Leonardo Marques
Leonardo Marques

Reputation: 3951

iOS-ntp returning same value as device

I'm using the iOS-ntp framework and I'm getting a weird behavior that I cannot understand. Currently its 13:14 but I changed the time on the device to 13:34 when I make the folioing calls:

NSDate *deviceDate = [NSDate date];
[NetworkClock sharedNetworkClock];
NSDate *networkDate = [NSDate networkDate];
NSLog(@"deviceDate  =%@", deviceDate);
NSLog(@"networkDate =%@", networkDate);

What I get is:

deviceDate  =2014-05-13 13:34:37
networkDate =2014-05-13 13:34:38

Obviously I expected:

deviceDate  =2014-05-13 13:34:37
networkDate =2014-05-13 13:14:38

How am I getting the same date value?

Thanks in advance.

EDIT: Snooping the connection I intercepted this packet from the server to the app:

Network Time Protocol (NTP Version 3, server)

Reference ID: 212.82.32.15

Reference Timestamp: May 16, 2014 14:56:40.999638000 UTC

Origin Timestamp: May 16, 2014 18:25:02.688373000 UTC

Receive Timestamp: May 16, 2014 15:15:14.862829000 UTC

Transmit Timestamp: May 16, 2014 15:15:14.862889000 UTC

After this the framework call returns 18:25

Upvotes: 1

Views: 1100

Answers (1)

Anya Shenanigans
Anya Shenanigans

Reputation: 94829

Edit It turns out that the lack of the config file was not the problem in this case. Please read further.

There is logic in the algorithm to decide that certain time stamps are invalid; this is used to determine if the time can be trusted. This decision is made by determining if the server clock was set less than 1 hour ago. It uses your current time as the reference point.

When I skew my clock forward by a couple of hours (and I'm currently in UTC+1 (Summer Time)), I never get a sync, because this time will always be out by at least a few hours, i.e. the test for this will never get a good value.

If you comment out the check that:

(-[[self dateFromNetworkTime:&ntpServerBaseTime] timeIntervalSinceNow] < 3600.0)

in the evaluatePacket method NetAssociation.m, you avoid this check, and can get a wider degree of offsets. I've linked a github reference to the patch that accomplishes this in relation to the master.

Being unable to sync with NTP once your clock is significantly out of whack is what can be considered a safety feature, but because we're just using it to calculate the delta between the system clock and the network clock, it doesn't actually give us anything in this case

It's relatively poorly documented in the framework, but you need to copy the ntp.hosts file from the framework resources directory into the project that uses the framework, and ensure that the file is copied as part of the Copy Bundle Resources part of the app's Build Phases.

If you don't copy the file, the framework has no time references to use and so never determines the offset to use, resulting in the OS time at all times.

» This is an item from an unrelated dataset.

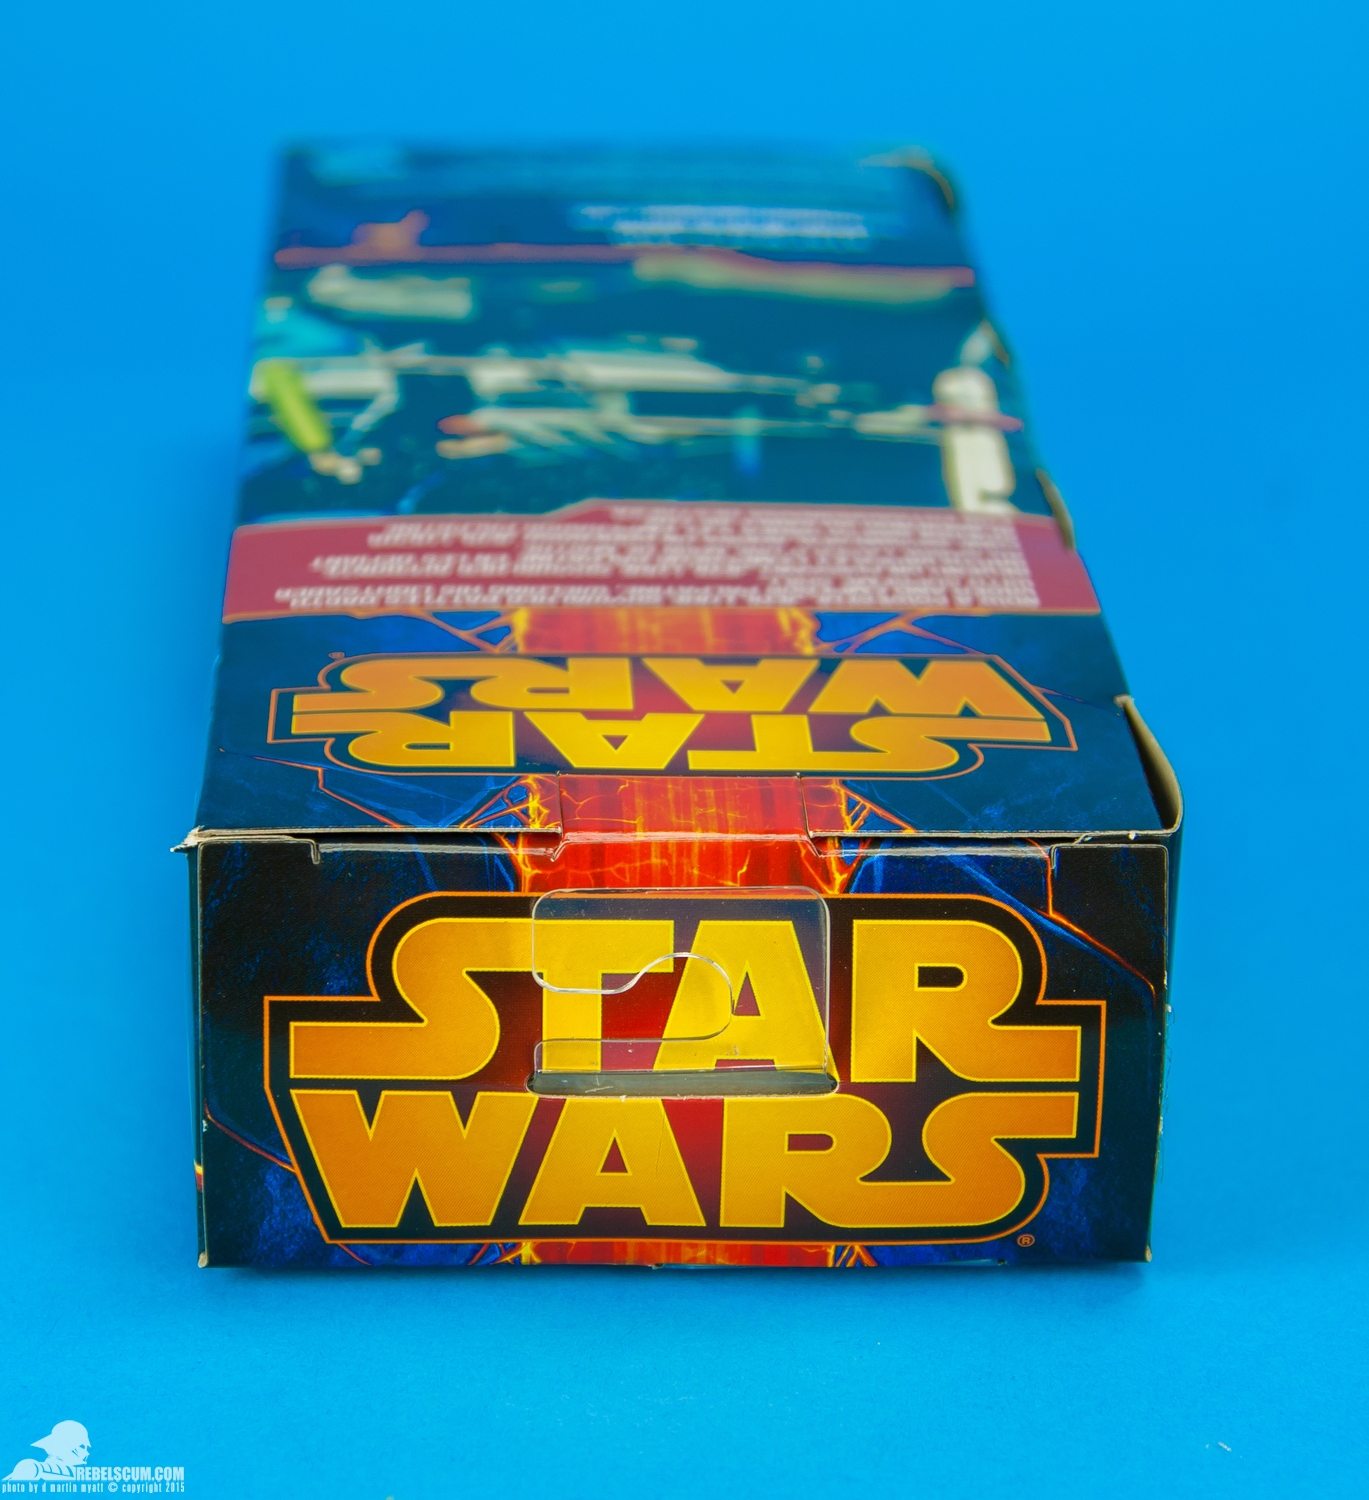 Luke-Skywalker-2014-Star-Wars-12-Inch-Figure-017.jpg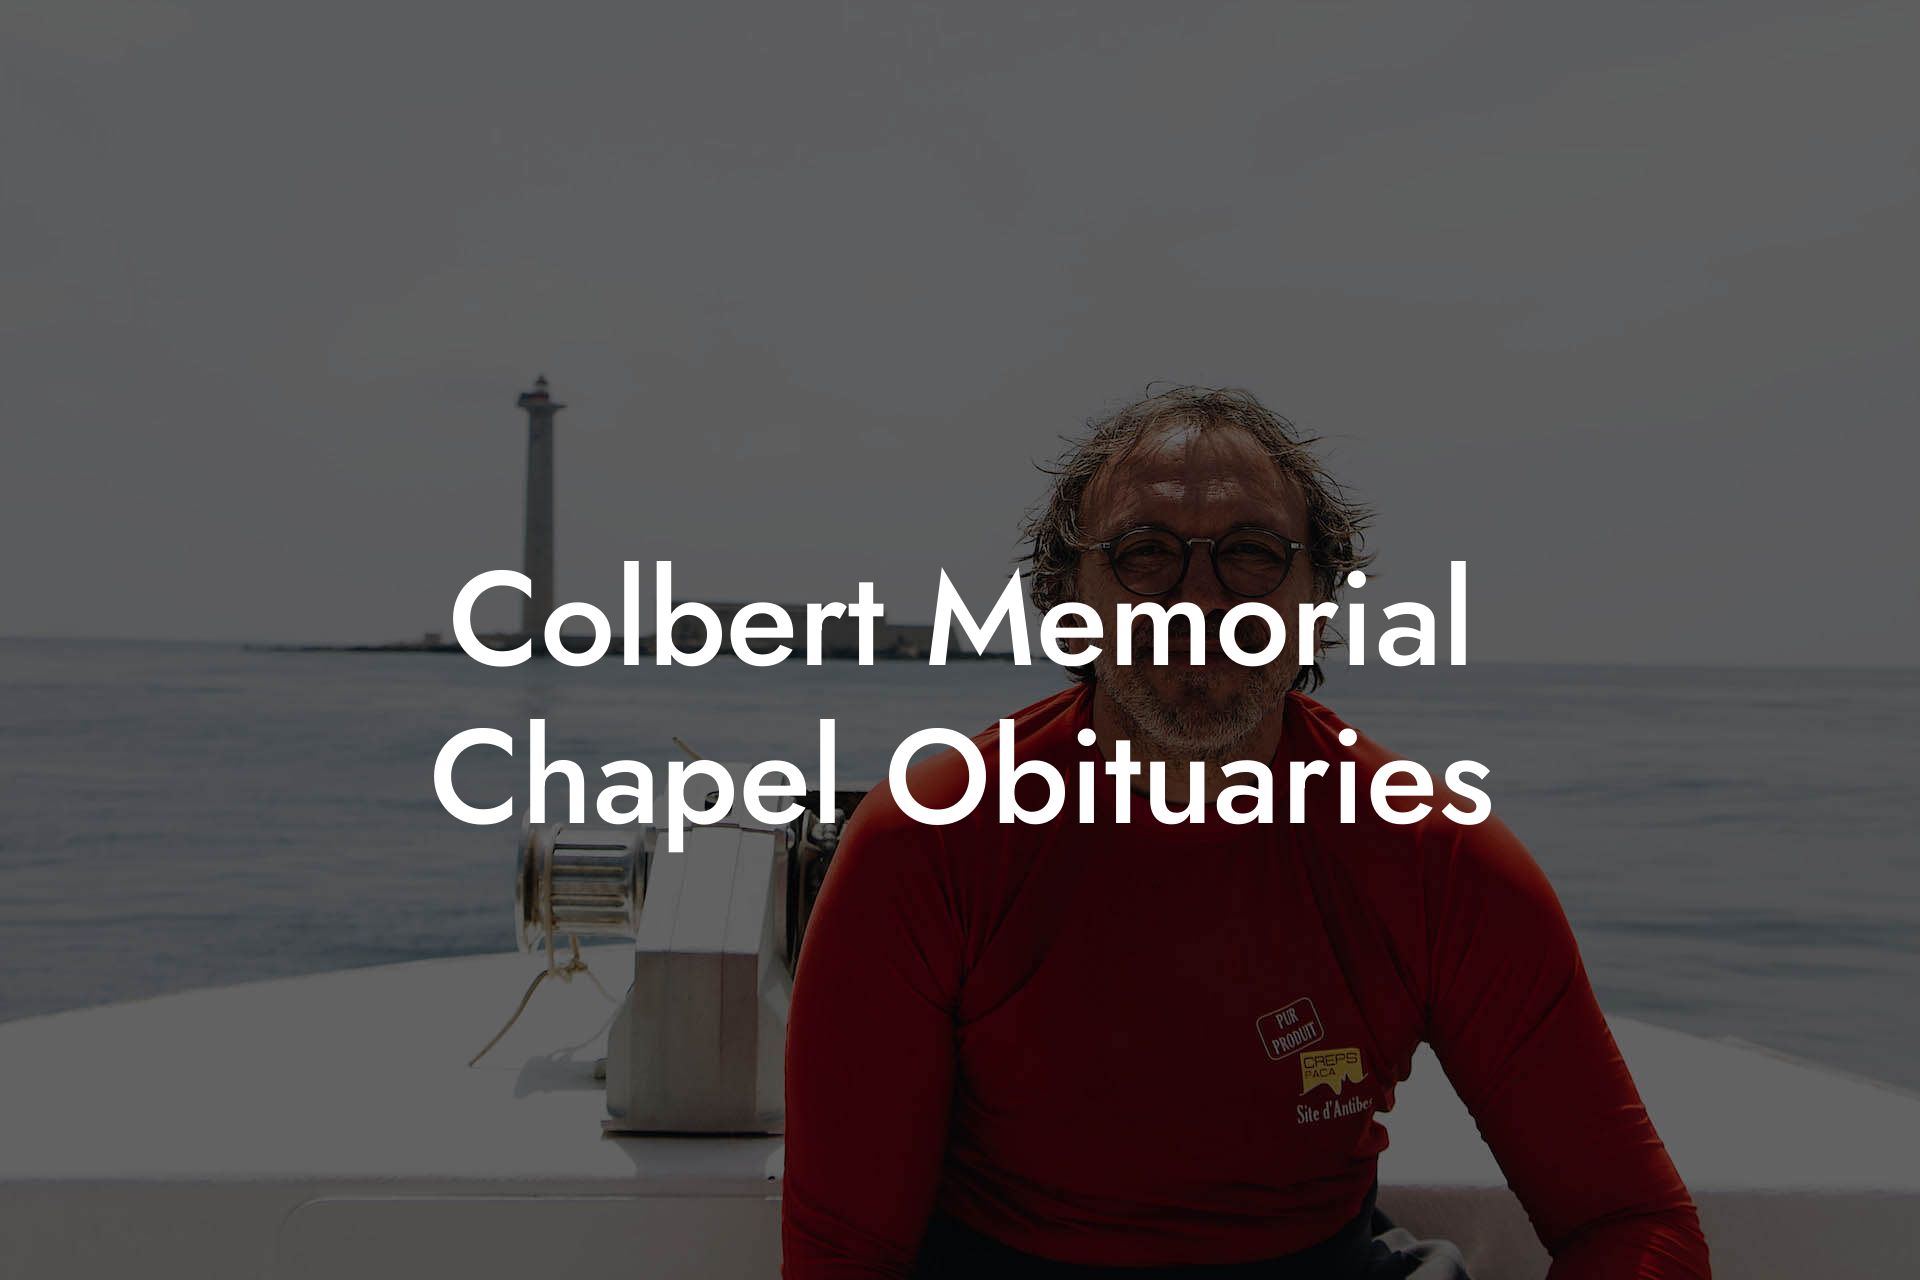 Colbert Memorial Chapel Obituaries

The cocoapods version of the framework doesn't use this configuration file, and instead has the method networkDateWithServer:(NSString *)server, which allows you to explicitly specify the NTP server to use.

The framework could probably react in a more appropriate manner (e.g. logging the lack of the file) rather than just carrying on, but that's a design decision.